**What you are asked to do:** Among the entries below, the lines from the one with "What are Dental" up to and including the one with "4 Pieces Car" are to be restated exactly, without pictures.

**Data supplied:**
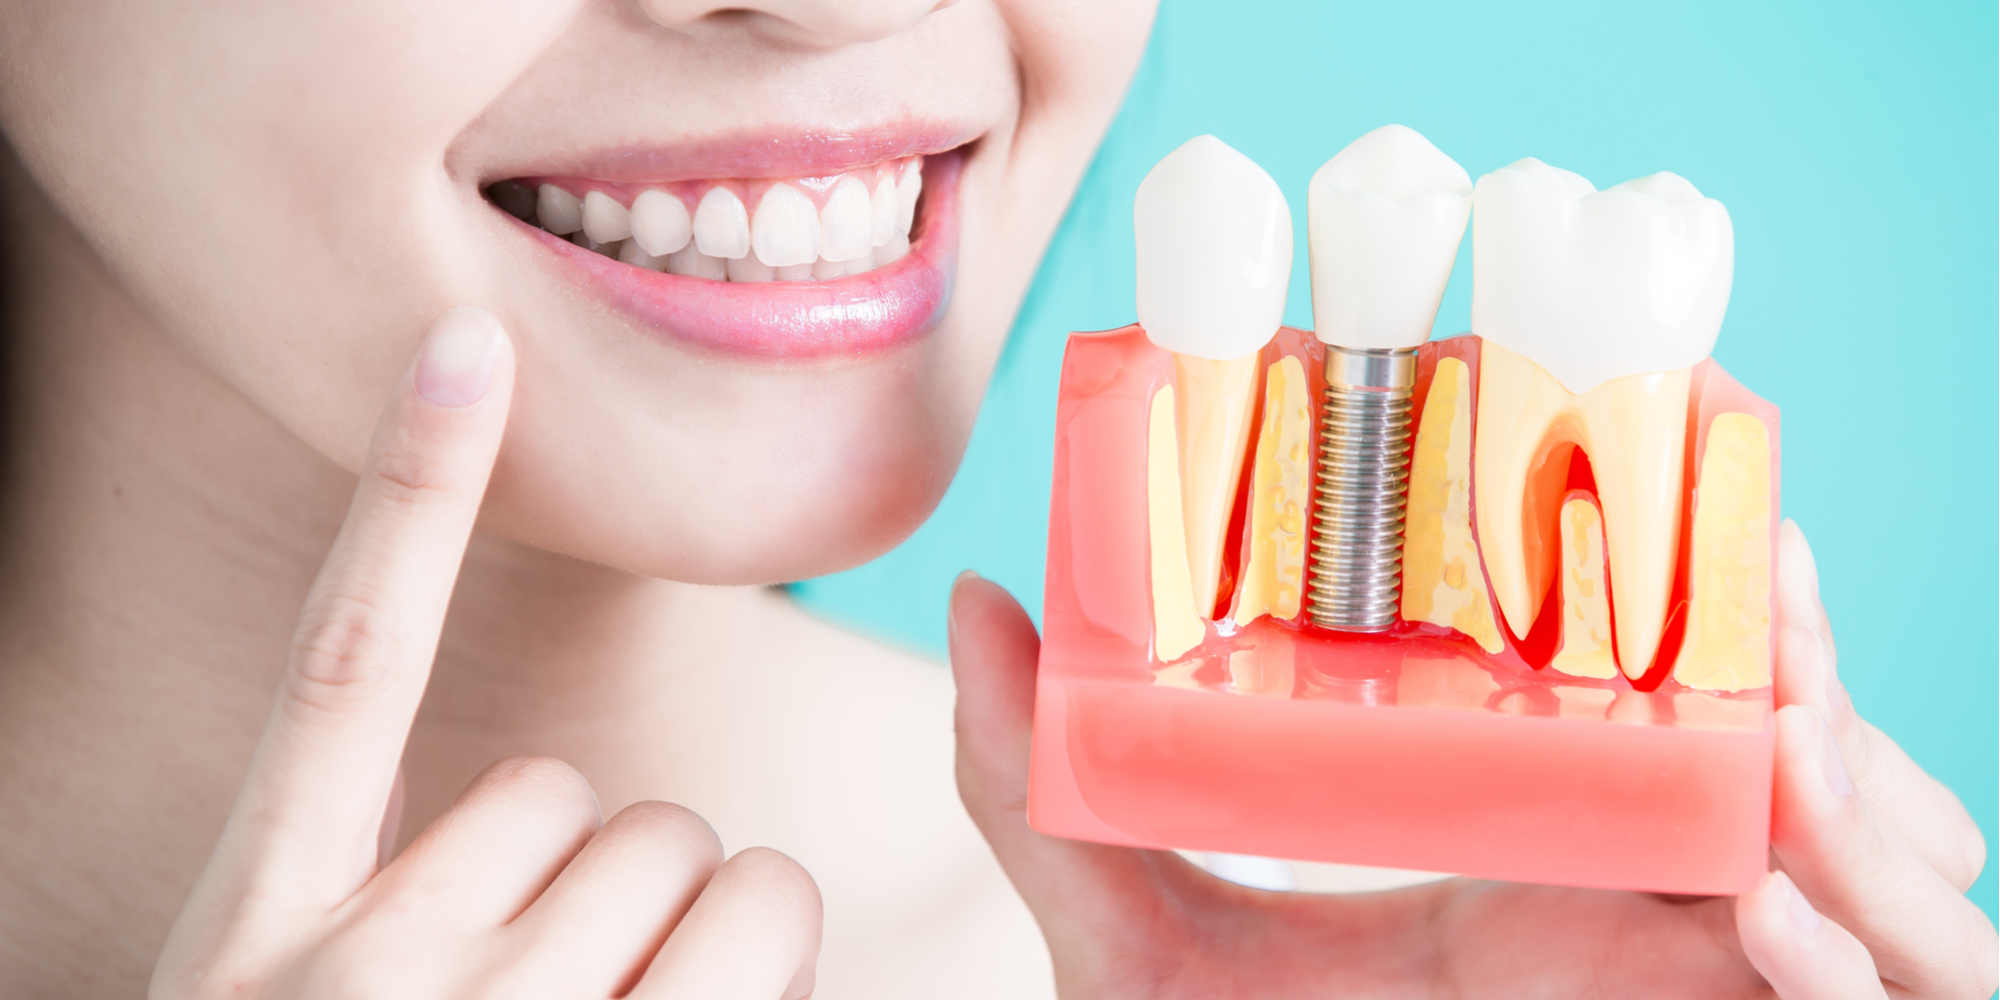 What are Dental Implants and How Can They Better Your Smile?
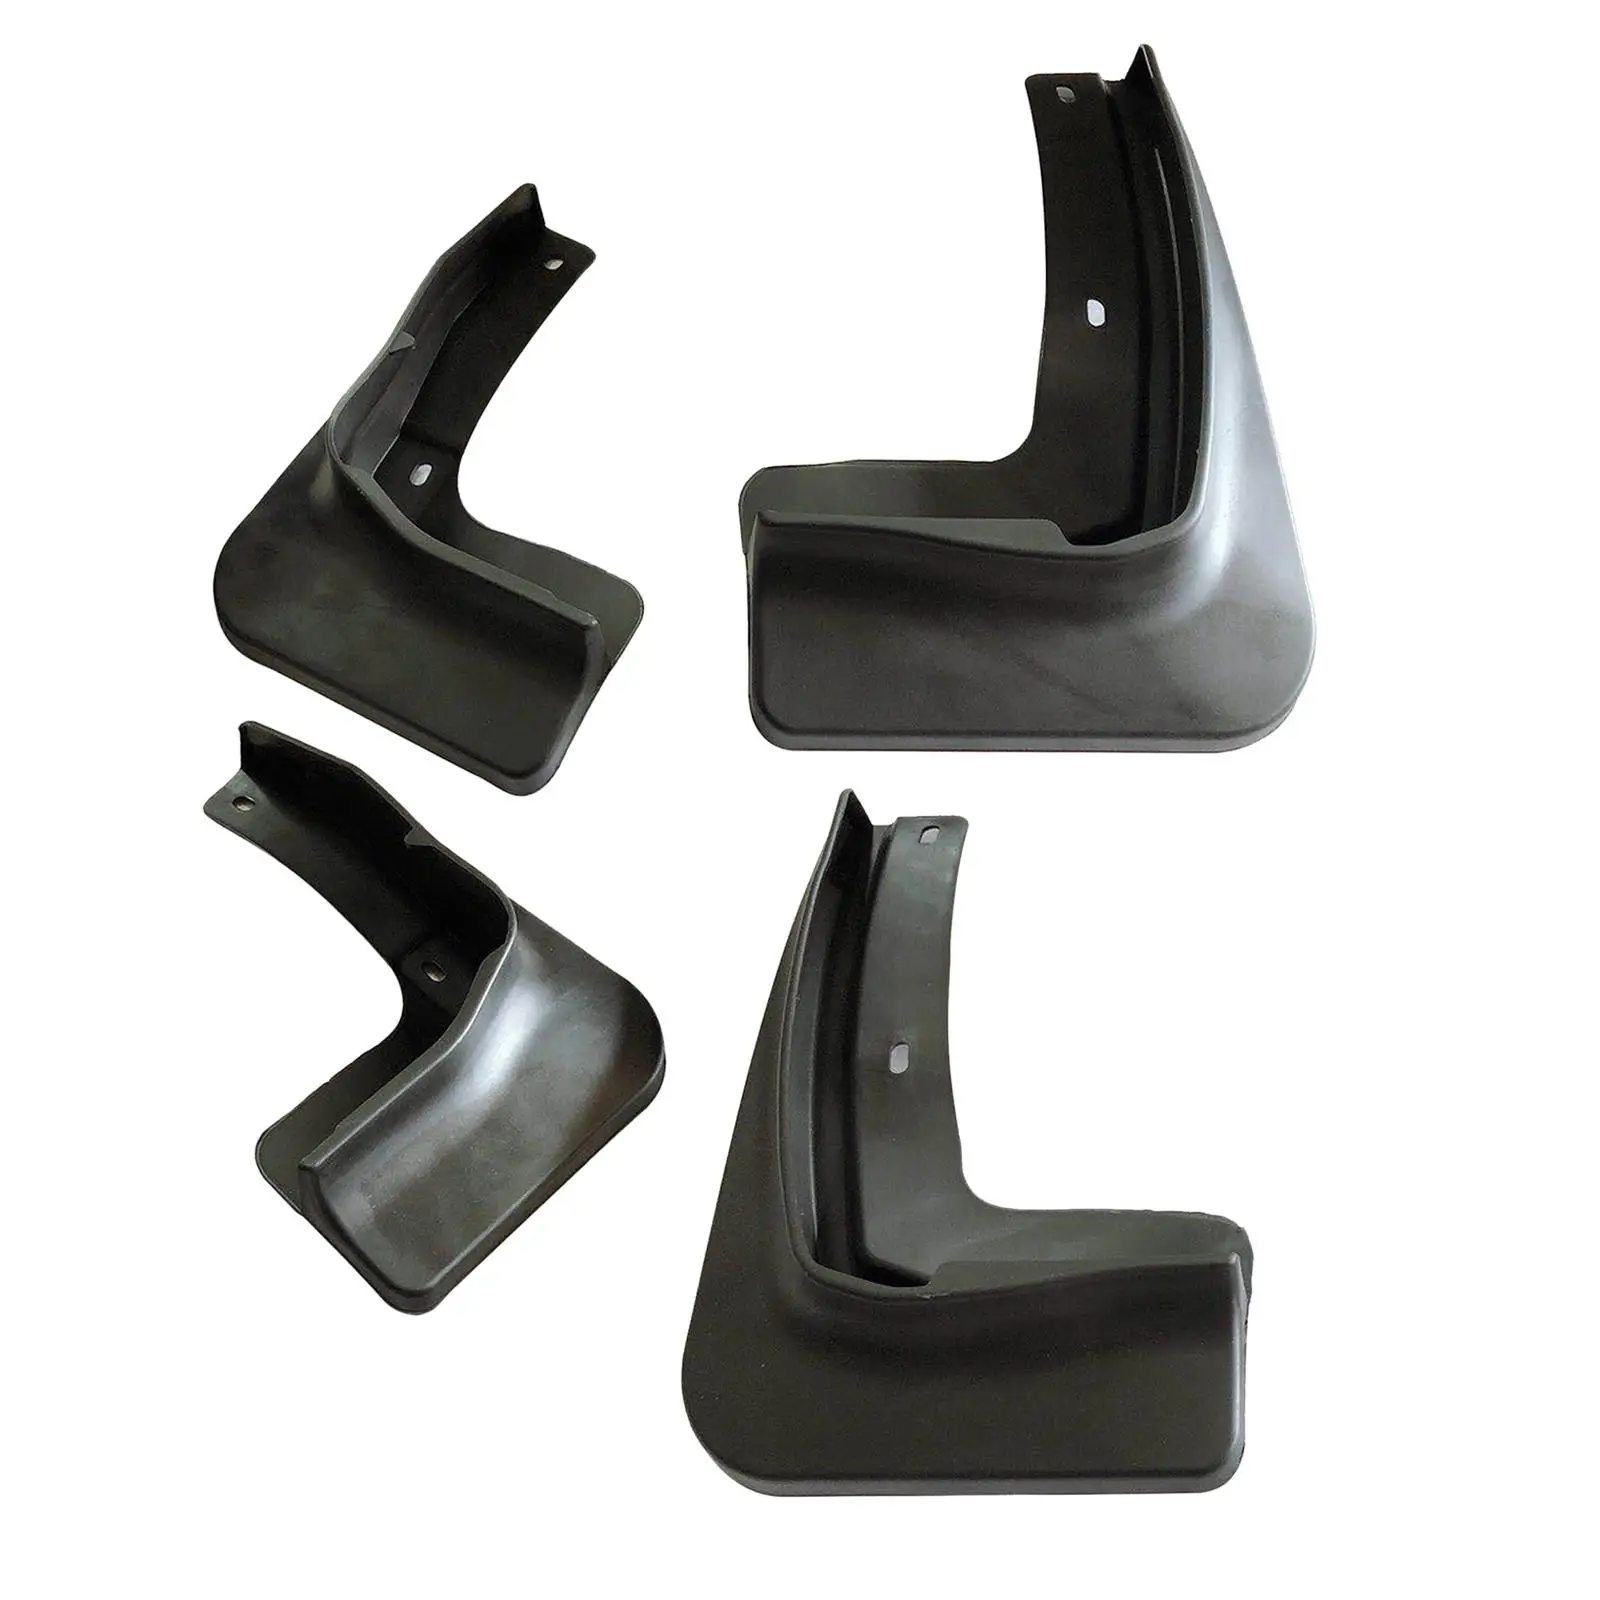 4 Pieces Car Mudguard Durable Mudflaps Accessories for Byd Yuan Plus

==

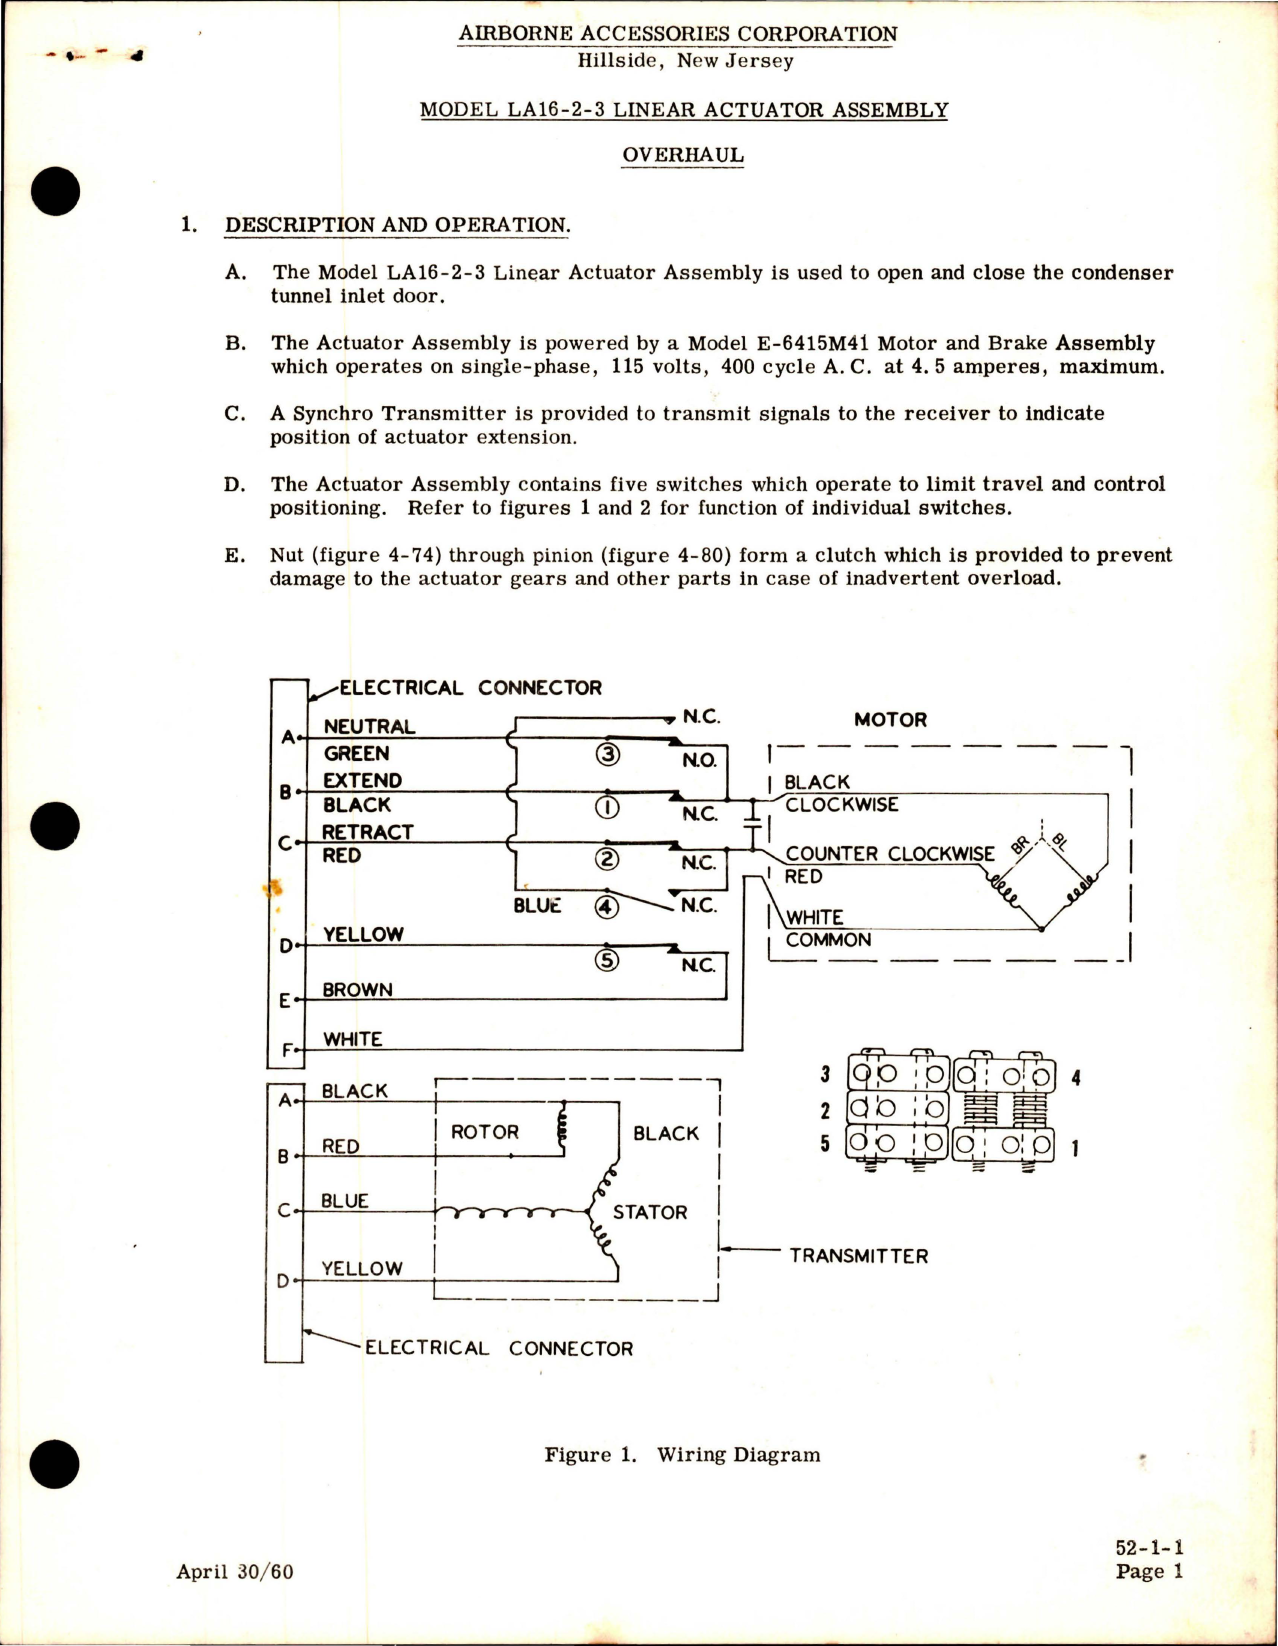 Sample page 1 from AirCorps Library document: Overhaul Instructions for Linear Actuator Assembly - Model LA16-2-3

**Answer for the task:**
 What are Dental Implants and How Can They Better Your Smile?
 4 Pieces Car Mudguard Durable Mudflaps Accessories for Byd Yuan Plus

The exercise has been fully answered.